O conflito com a funcionária parecia escalar de tom, quando me cruzei com a Lea no hall da escola. A Lea (nome fictício) é aluna do 8º ano. Já tinha ouvido falar dela. Estava muito alterada e, diga-se, até mesmo irascível, consumida por imensa revolta no seu falar, esbracejar e ameaçar. Como é corpulenta, a Lea intimidava quem se metesse ao barulho.
Tomei coragem e, junto com as assistentes operacionais tentámos ajudar a sanar o conflito, mas sem efeito. Reparei que por momentos olhou para mim desconfiada e até avançou para mim em tom de ameaçador. A única saída foi convencê-la a sair perto da funcionária para depois se acalmar. Decidi afastar-me serenamente e dar mais tempo, pois certamente viriam próximas oportunidades para me aproximar da aluna e a poder estabelecer uma relação de confiança com ela.
Passaram dias e a Lea não saía do Gabinete Psicossocial, onde eu estava alocada. Ora vinha contrariada, ora vinha em divagação sem muito propósito, mas a mim, ignorava-me intencionalmente e resmungava em sinal de aviso para eu não me aproximar. Respeitei mais uma vez.
Até que, eis que surge a minha oportunidade. Naquela semana fez tanto frio, que toda a gente ficou engripada, incluindo eu. Encontro a Lea prostrada no sofá do nosso cantinho do aconchego com olhos rasgados em lágrimas. Aproximei-me dela e, sem pensar em como ela é grande, mais alta e mais forte do que eu, segurei-lhe na mãozinha e falei-lhe baixinho, com o mesmo tom com que dou miminhos ao meu pequenote de 7 anos.
– O que foi minha querida! Oh, mas tu estás a chorar!
Nunca imaginei que fosse ter a sua atenção, mas a magia aconteceu. A Lea levantou o rosto e olhou para mim muito triste e chorou ainda mais. Entendi que estava carente e resolvi experimentar dar colinho.
Deitei-lhe a cabeça e perguntei-lhe se estava doente.

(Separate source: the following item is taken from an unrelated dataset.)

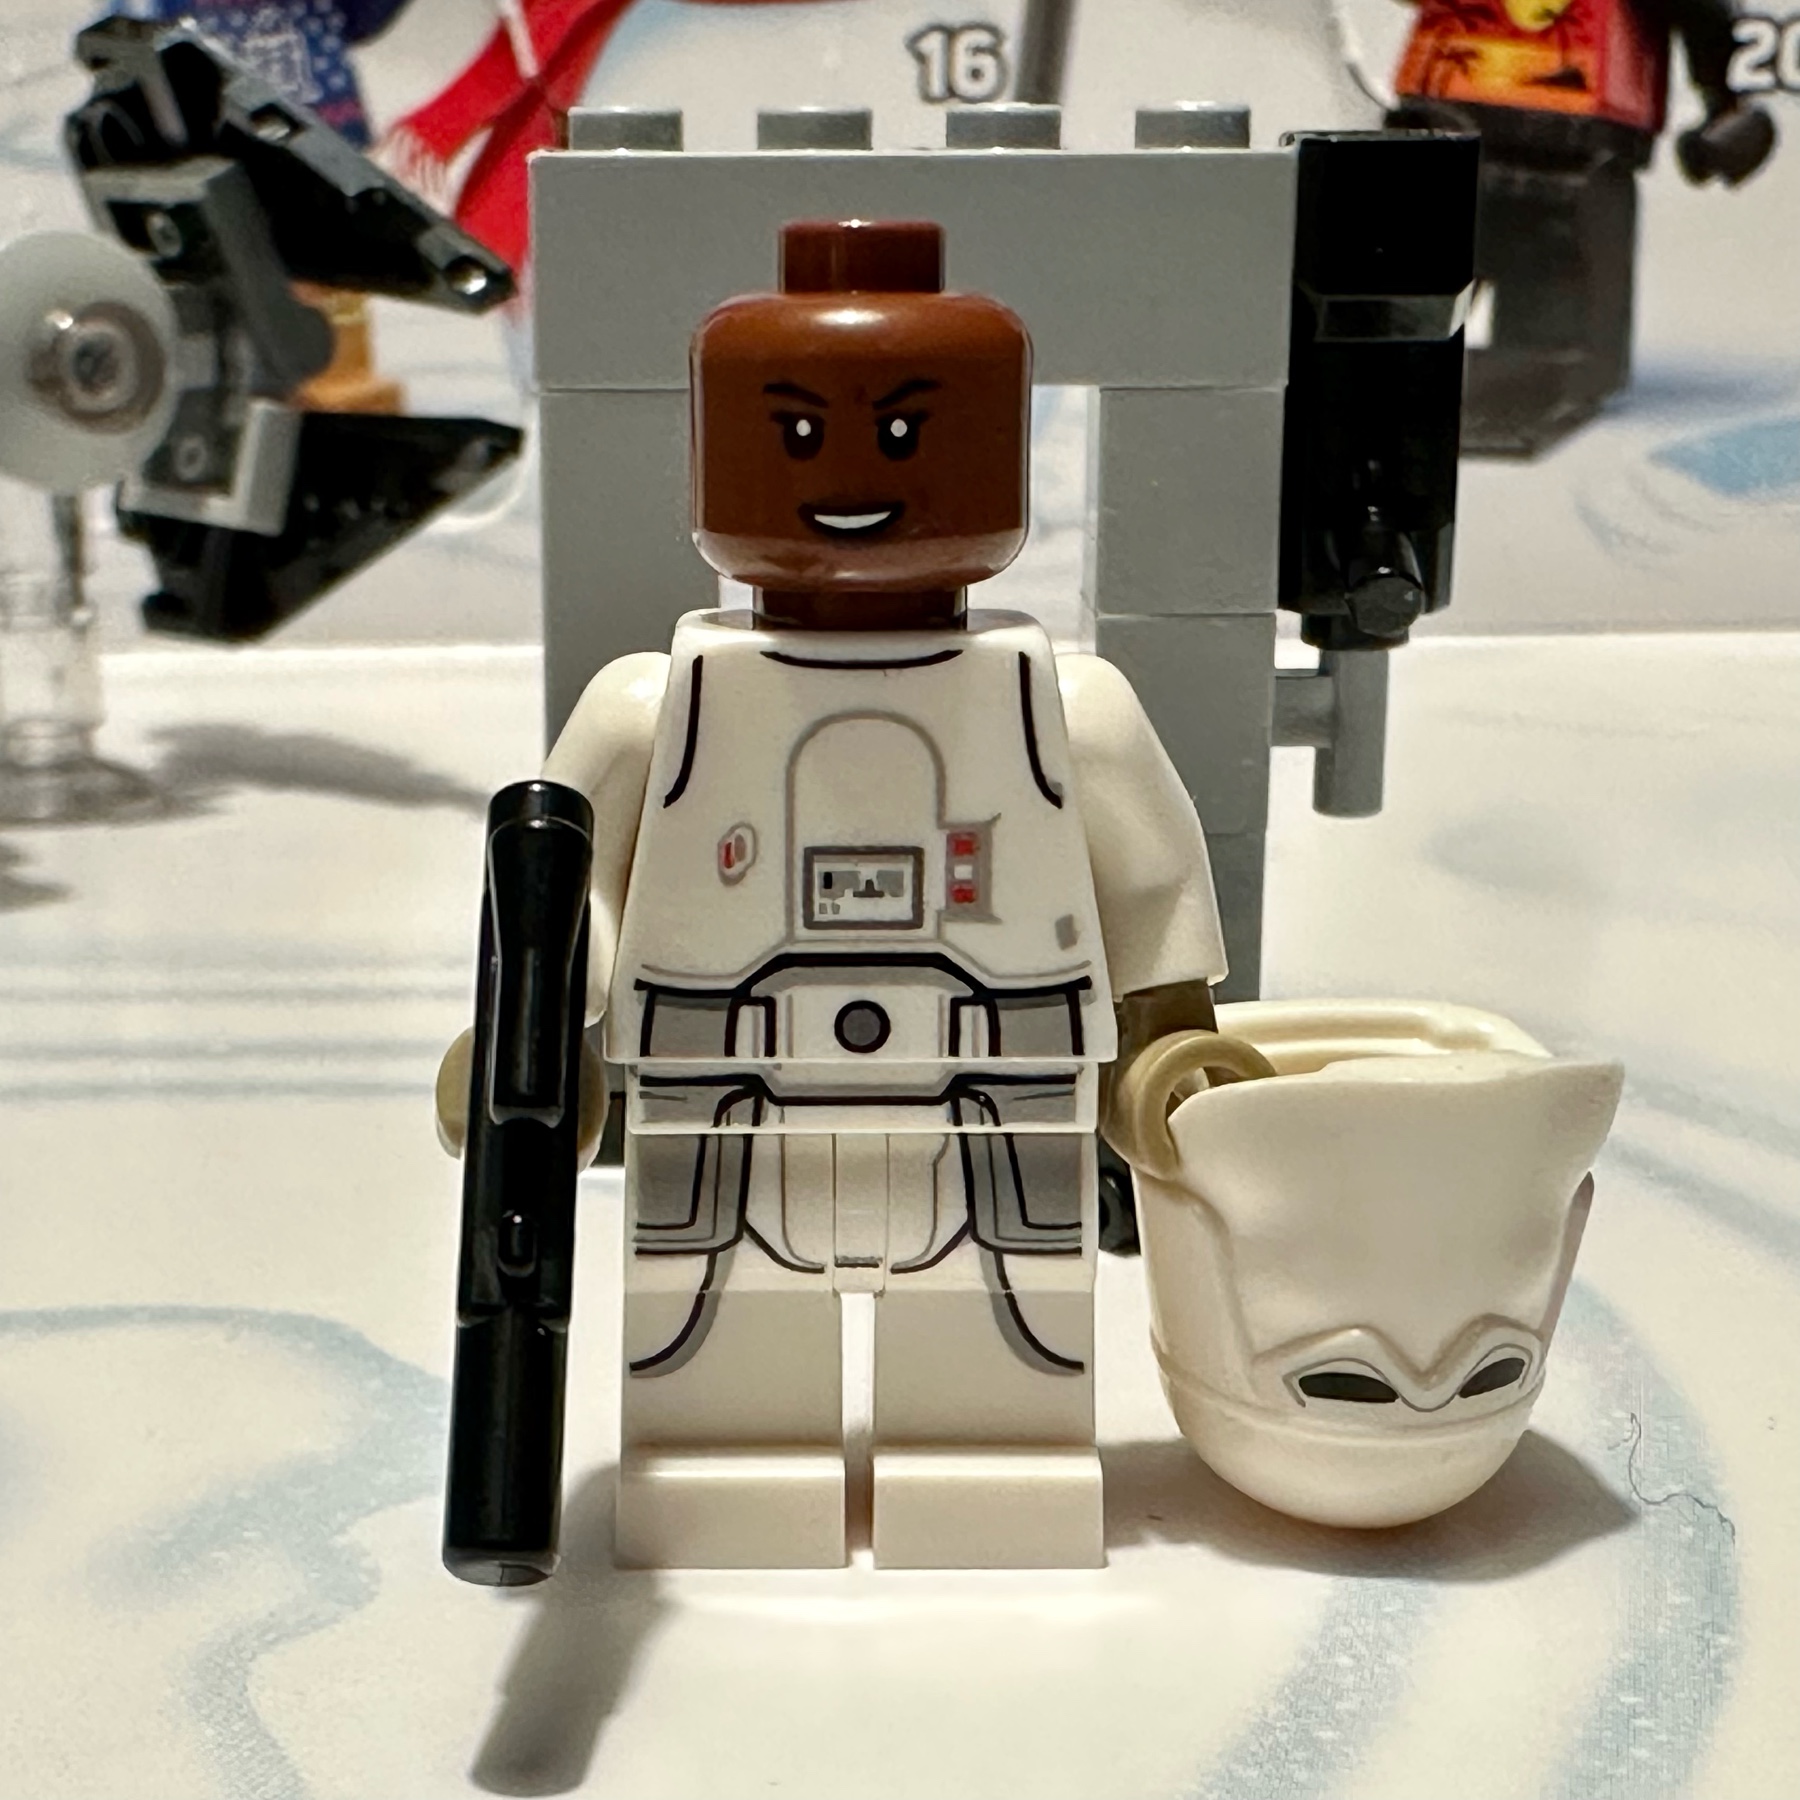 LEGO minifigure of a black woman in snowtrooper uniform holding a blaster in one hand and her helmet in the other

Ela disse que sim, que tinha gripe.
Perguntei se doía o corpo, disse que não, só a cabeça.
Perguntei se tomou alguma coisa em casa, se já tinha comido, medi a febre com a mão, mas não parecia estar febril.
E enquanto eu fazia esta bateria de exames, vi que olhava para mim com doçura e admiração pelo meu interesse nela. Creio que viu no meu rosto ternura, mas também sentido prático da vida. Sei que percebeu que estava a cuidar dela. Foi então que lhe sugeri que tomasse chá de limão com mel. Olhou para mim sem saber bem a minha ideia.
– Sabes fazer chá de limão? Não? Olha, então vou te explicar: chegas a casa, descasca limão e coloca dentro de um bule de água a ferver. Em 5 minutos fica pronto. Pões uma colher de mel e toma quentinho. Vais ver que te ajuda a ficar bem, tem vitaminas.
Ela olhava para mim intrigada, mas com mais alento. Parou de chorar, mas eu sabia que não iria fazer nada do que lhe explicara sobre chá de limão. No entanto, a minha intenção era outra: mostrar-lhe que ela é importante e por isso estava a cuidar dela. Por saber o quanto é bom termos quem olhe e cuida de nós, então achei que aquele momento era já de si um conforto para o coraçãozinho da aluna Lea.
Para minha surpresa, no dia seguinte, a Lea vem ter comigo ao gabinete e mostra-me um livro que está a ler. Mostra de forma orgulhosa e cheia de si que anda a ler um livro em mandarim, sobre a vida de uma pessoa muito importante. Começa então a contar-me detalhes sobre o livro dela: as 38 cartas que Rockefeller escreveu para o seu filho. Fiquei super curiosa com o livro. Ela explicou-me que comprou o livro mais barato quando esteve na china, pois na Europa é mais caro. Aconselhou-me a procurar o livro, visto que é muito interessante e que sabe que eu certamente gostaria de o ler.
Assim farei, ainda que seja sobretudo para termos mote para deliciosas conversas como entretanto tive oportunidade de ter com a Lea, e para continuar a acender a luz e o poder que ela tem dentro dela.
Como Mentora Teach For Portugal, esta pequena história teve um enorme impacto sobre mim. A minha motivação e força aumentaram, e aprendi muito, sobretudo, que pequenos gestos podem acender luzes nos nossos corações e ligar uma estrela adormecida. Talvez o segredo está em continuar a insistir nas pequenas luzes todos os dias.
A equipa e os Mentores Teach For Portugal desejam um Feliz Natal a todos, com um brilho especial para os nossos alunos, parceiros, financiadores, escolas e professores com que colaboramos!